External Mental Hard Drive
Years ago, a good friend and I were talking about the power of stories in teaching. The problem I had was anytime I was preparing for a talk, I couldn’t recall any relative stories to share. That when she suggested I start a “story box” so that each time I read or experienced something that might prove to be a good story to share later, I could capture the story in Evernote along with tags that describe the essence of the story (e.g., teamwork, leadership, change, creativity, etc.). Then, in the future, I would have a ready library of stories easily searchable in the cloud. Since that time, I have amassed over a thousand stories in Evernote, some from web pages I’ve clipped, books I’ve read, discussions I’ve had with others, or experiences I’ve had personally.
Then I realized I could expand my external hard drive to also capture those stories of thanks, gratitude, attaboys, and other experiences that impacted me no matter how small (more on that in a minute). If I have pictures or an illustration, I include them as well and put all of these in a special folder in Evernote. I make sure that at least once I week I look through this folder and pick a few items out and not just read but take the time to revivify with the thoughts, feelings, and emotions that I can recall to feed my soul. More importantly, on those days that have gone particularly poorly, I’ll take a fifteen-minute break and reopen this folder to recharge my emotions and reset my perspective.

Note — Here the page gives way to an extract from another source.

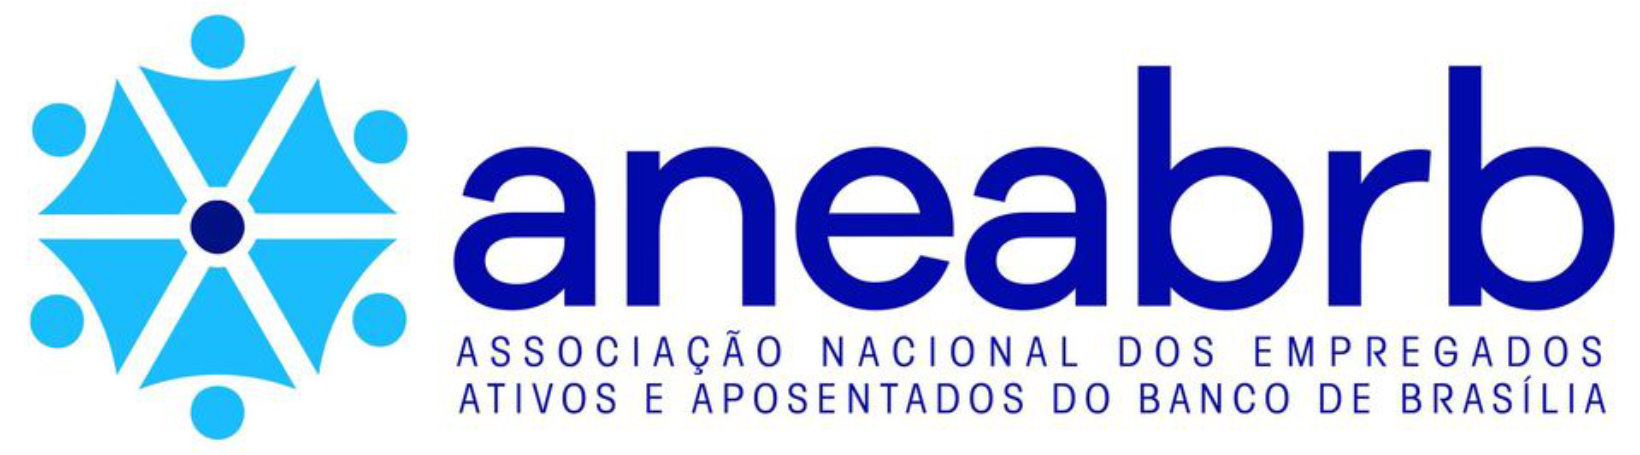 ANEABRB - Associação Nacional dos Empregados do Banco de Brasília

Frequency is More Important that Size
Dr. Ron Friedman writes in The Best Place to Work, that “Small, frequent pleasures can keep us happy longer than large, infrequent ones.” Researchers, Dunn, Gilbert and Wilson reported in the Journal of Consumer Psychology, on several studies on this phenomenon –
- “Another advantage of small pleasures is that they are less susceptible to diminishing marginal utility, which refers to the fact that each unit increase in the magnitude of a pleasure increases the hedonic impact of that pleasure by a smaller amount than did the previous unit increase. Eating a 12 ounce cookie is not twice as pleasurable as eating a 6 ounce cookie because the first X% of a cookie’s weight accounts for more than X% of its hedonic impact. People can therefore offset diminishing marginal utility by ‘breaking up’ or ‘segregating’ a pleasurable experience such as cookie-eating into a series of briefer experiences (Kahneman, 1999; Kahneman & Tversky, 1979; Mellers, 2000; Thaler, 1999).”

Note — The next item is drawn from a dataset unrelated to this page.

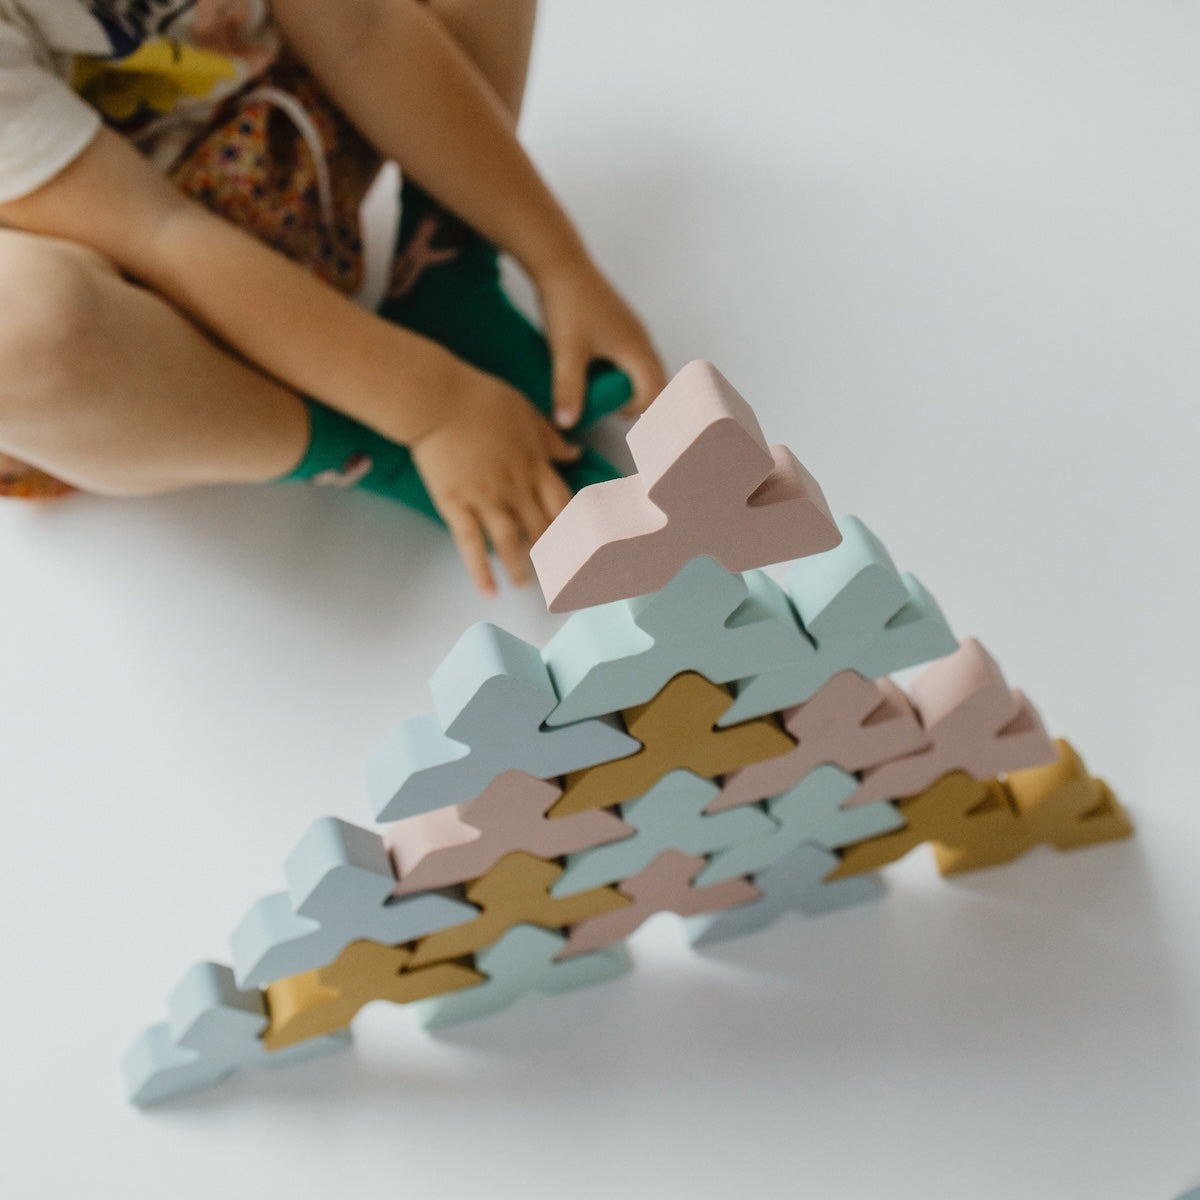 Bouwen met blokken is nét wat interessanter met deze Moes Play Trianglo bouwblokken. Dit zijn namelijk geen gewone blokken, maar dit zijn unieke driehoekige vormen, ontworpen om bouwen, puzzelen en stapelen te bevorderen. VanZus

- “Nelson and Meyvis (2008) asked participants to sit in a chair equipped with a massage cushion. Half the participants experienced a continuous 180 second massage, while the others experienced a massage of 80 seconds, followed by a 20 second break, followed by a another 80 second massage. Compared to participants who experienced one longer massage, those who experienced two briefer massages (interrupted by a break) found the overall experience more pleasurable and were willing to pay about twice as much to purchase the massage cushion.”
What was also found in this last study was that the participants had all predicted prior to their experience that they would enjoy the one long massage more than the discontinuous massage.

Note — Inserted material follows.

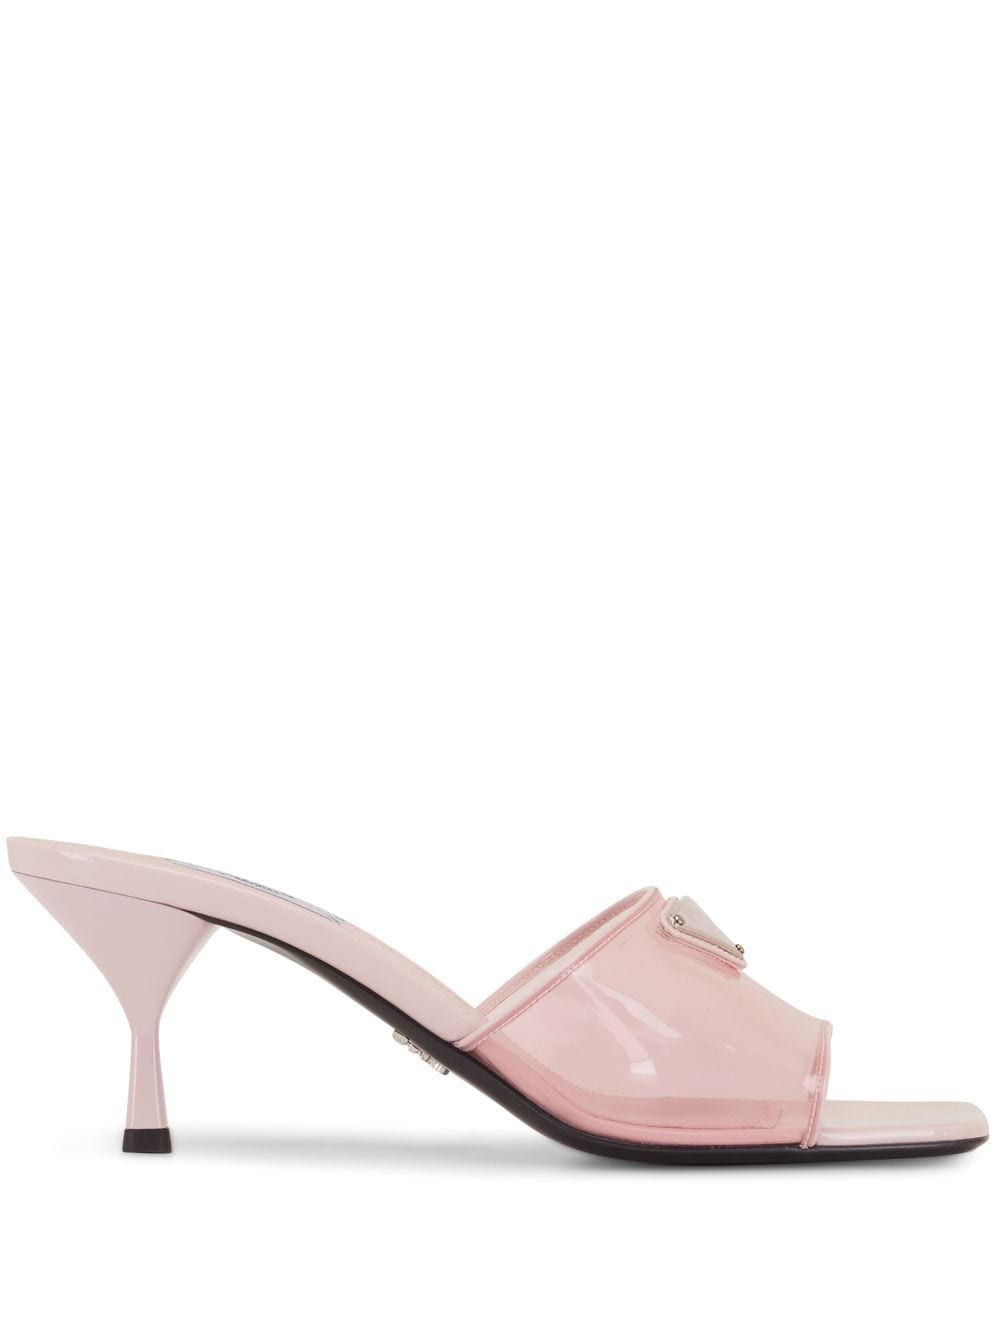 Prada logo-embellished sandals - Pink

This finding is so key, because like those participants, most of us think we need that big experience, car, or trip to ‘make us happen.’ When research repeatedly shows that frequency wins over size every time. That means that you should fill your hard drive with as many experiences and thank you emails, large and small throughout the day. The other benefit of this practice is that the more you do this, the more you start looking for these little positive nuggets. We train what is called the reticular activating system to focus on these experiences, much like when you buy a new car and suddenly find that everyone else on the road has the same car.
Pay It Forward
Finally, pay it forward. Who knows, you may be someone’s Curt and transform their day when they most needed it!